Map-Reduce is a programming model that is mainly divided into two phases i.e. Map Phase and Reduce Phase. It is designed for processing the data in parallel which is divided on various machines(nodes). The Hadoop Java programs are consist of Mapper class and Reducer class along with the driver class. Reducer is the second part of the Map-Reduce programming model. The Mapper produces the output in the form of key-value pairs which works as input for the Reducer.

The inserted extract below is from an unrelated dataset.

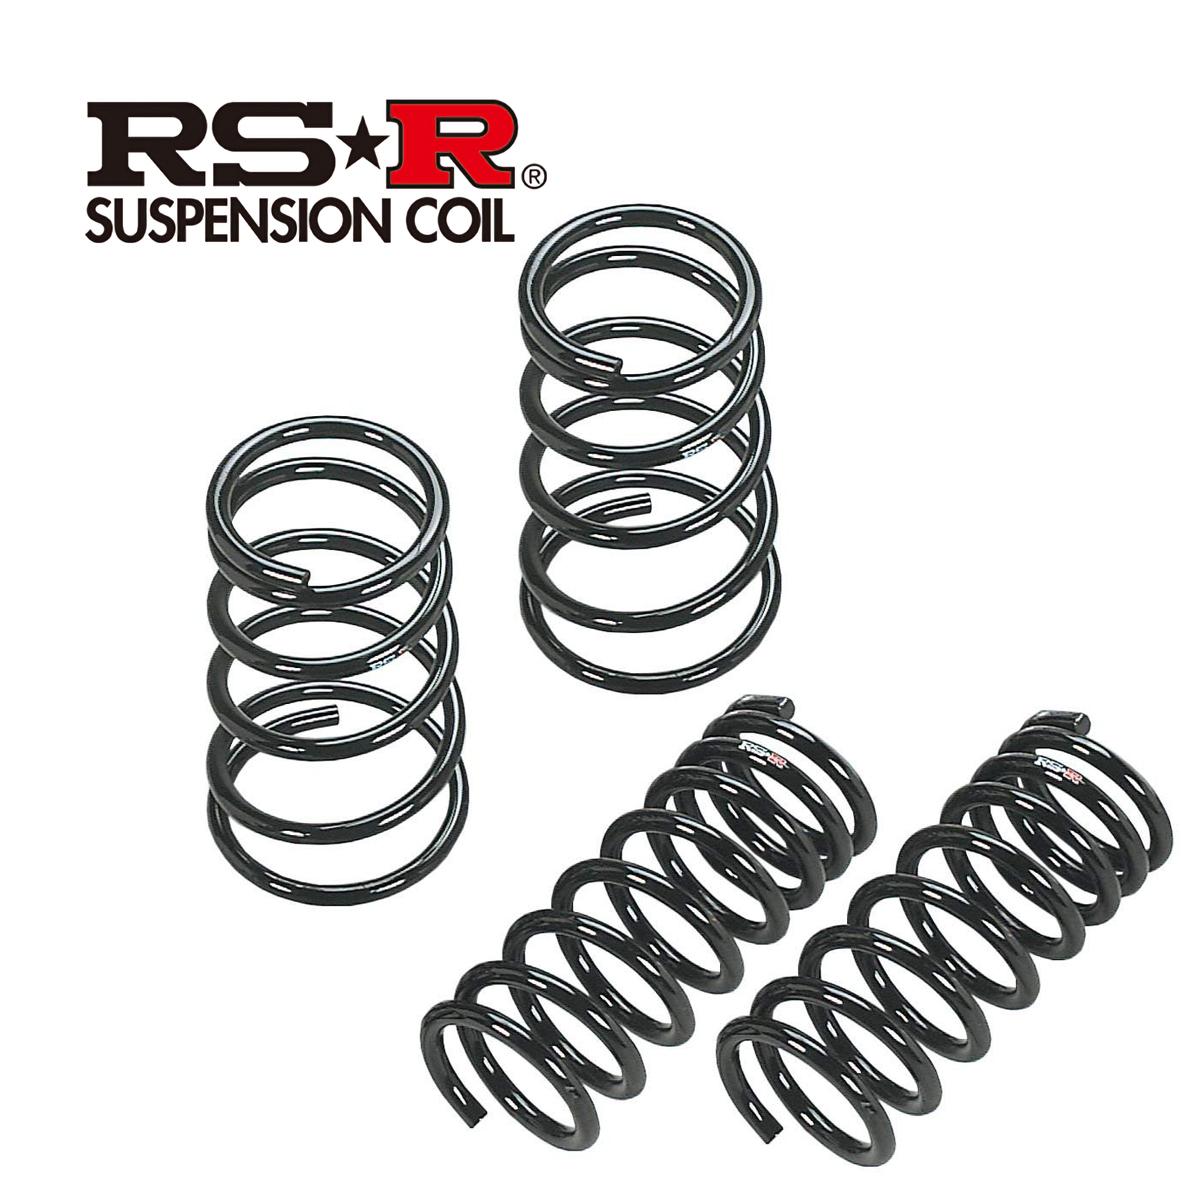 RS-R GS450h バージョンL GWL10 ダウンサス スプリング 1台分 T174S RSR スーパーダウン RSR 個人宅発送追金有

But before sending this intermediate key-value pairs directly to the Reducer some process will be done which shuffle and sort the key-value pairs according to its key values, which means the value of the key is the main decisive factor for sorting. The output generated by the Reducer will be the final output which is then stored on HDFS(Hadoop Distributed File System). Reducer mainly performs some computation operation like addition, filtration, and aggregation. By default, the number of reducers utilized for process the output of the Mapper is 1 which is configurable and can be changed by the user according to the requirement.
Let’s understand the Reducer in Map-Reduce:
Here, in the above image, we can observe that there are multiple Mapper which are generating the key-value pairs as output. The output of each mapper is sent to the sorter which will sort the key-value pairs according to its key value. Shuffling also takes place during the sorting process and the output will be sent to the Reducer part and final output is produced.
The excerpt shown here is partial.